Smart Shop is a tool accessed through GE’s cloud platform, Predix, and is currently being used in an experimental manner by selected GE Oil&Gas plants. Together with our center in Brindisi, it handles 11 production lines for pipeline plants and gas turbines scattered across factories in Florence, Massa, Vibo Valentia, Talamona (in Italy) and Le Creusot (France). This tool makes it possible to carry out in real time (with automatic updates every 60 seconds) a diagnosis of every production line or cell, and every workstation, including: the state of each single machine, faults, KPI (specific productivity indexes with relative targets), specific parts being worked on, maintenance register and program, and availability of single machine tools and lines.
In other words, an instrument for gathering, analyzing and sharing data, currently consultable from every giant touchscreen in the system, but also from a pc connected to Predix. In future, Smart Shop could well be consulted and used via a smartphone app, and at the moment the Aviation and GE Digital teams are working on optimizing and standardizing its use for every factory, line and manufacturing specialty.

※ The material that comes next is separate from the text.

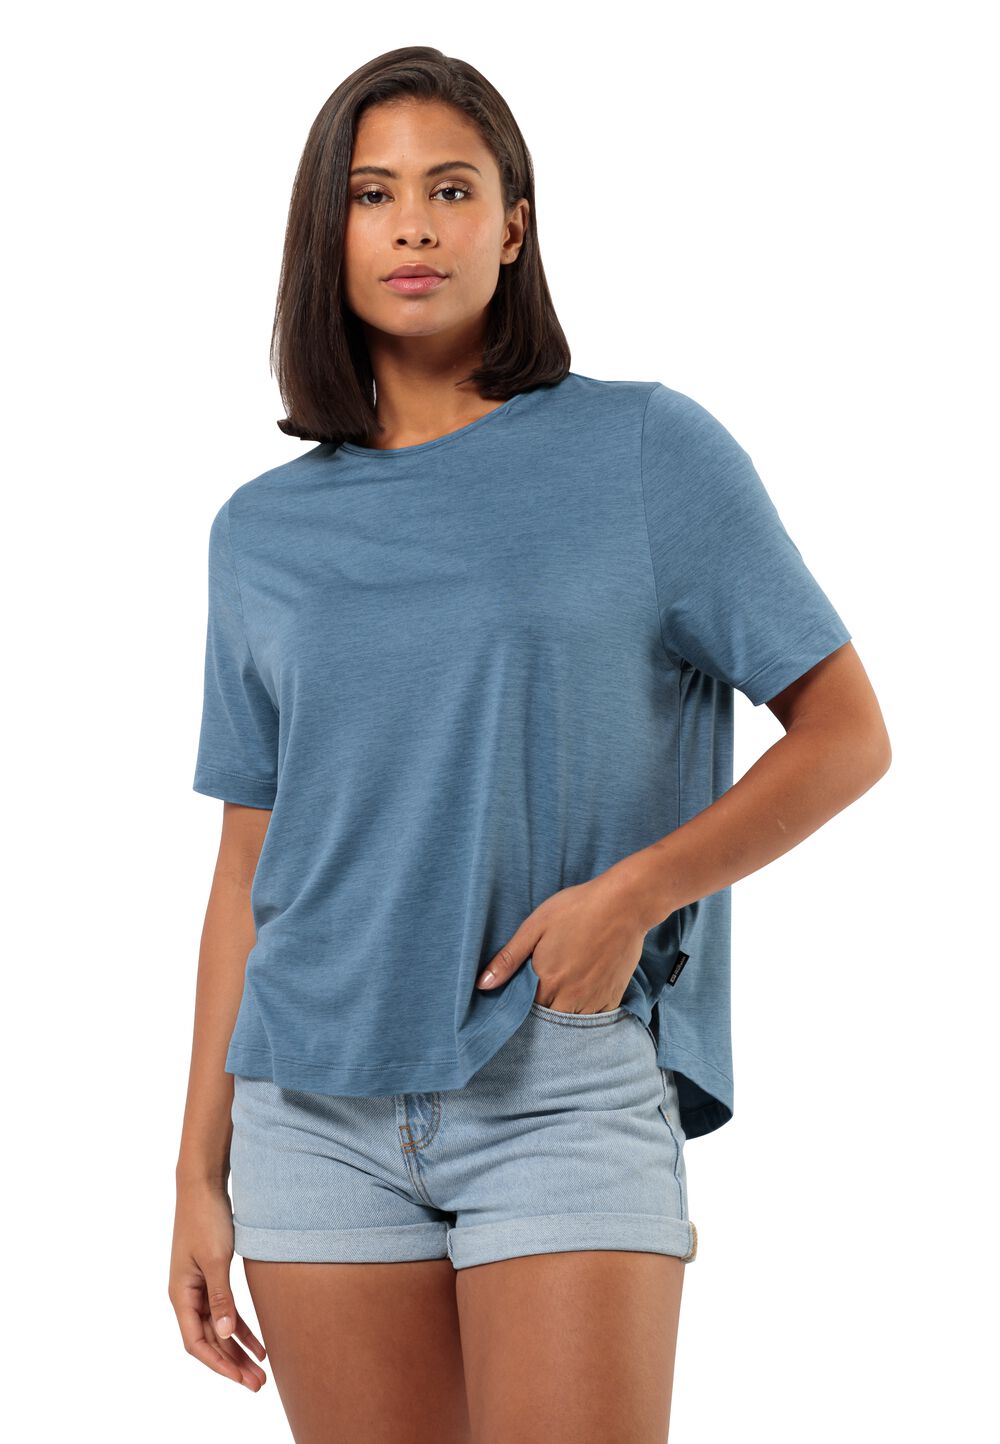 Jack Wolfskin Travel T-Shirt Women Functioneel shirt Dames M elemental blue elemental blue

How can it do all this? Every line – thanks to its supervisor software – generates data, and uses gateways (in computer science, the routers or other hardware devices that manage packages of digital information) to gather them and channel them towards Smart Shop. Smart Shop then elaborates them and displays them in the menu described above, which can then be consulted and used by teams in the same plant but also by other teams in other industrial sites that use the same technology. This means sharing knowledge, operative experience and information: in GE we call it GE Store.
Earlier, we mentioned the astonishment which this kind of innovation generates in visitors or any other kinds of witnesses of such industrial realities, but it is also important not to underestimate the new professional skills that, through these technological novelties, are added to the experiential expertise of the men and women who operate in a plant day by day: specialists in technology, engineering, logistics and workers. Professional figures which today – just as, for example, their colleagues in the Cameri plant skillfully operate machinery using the new additive technology – are acquiring confidence and familiarity in using computer tools which allow them to be classified as “advanced digital users”… a very different concept to just “work sitting at a laptop”.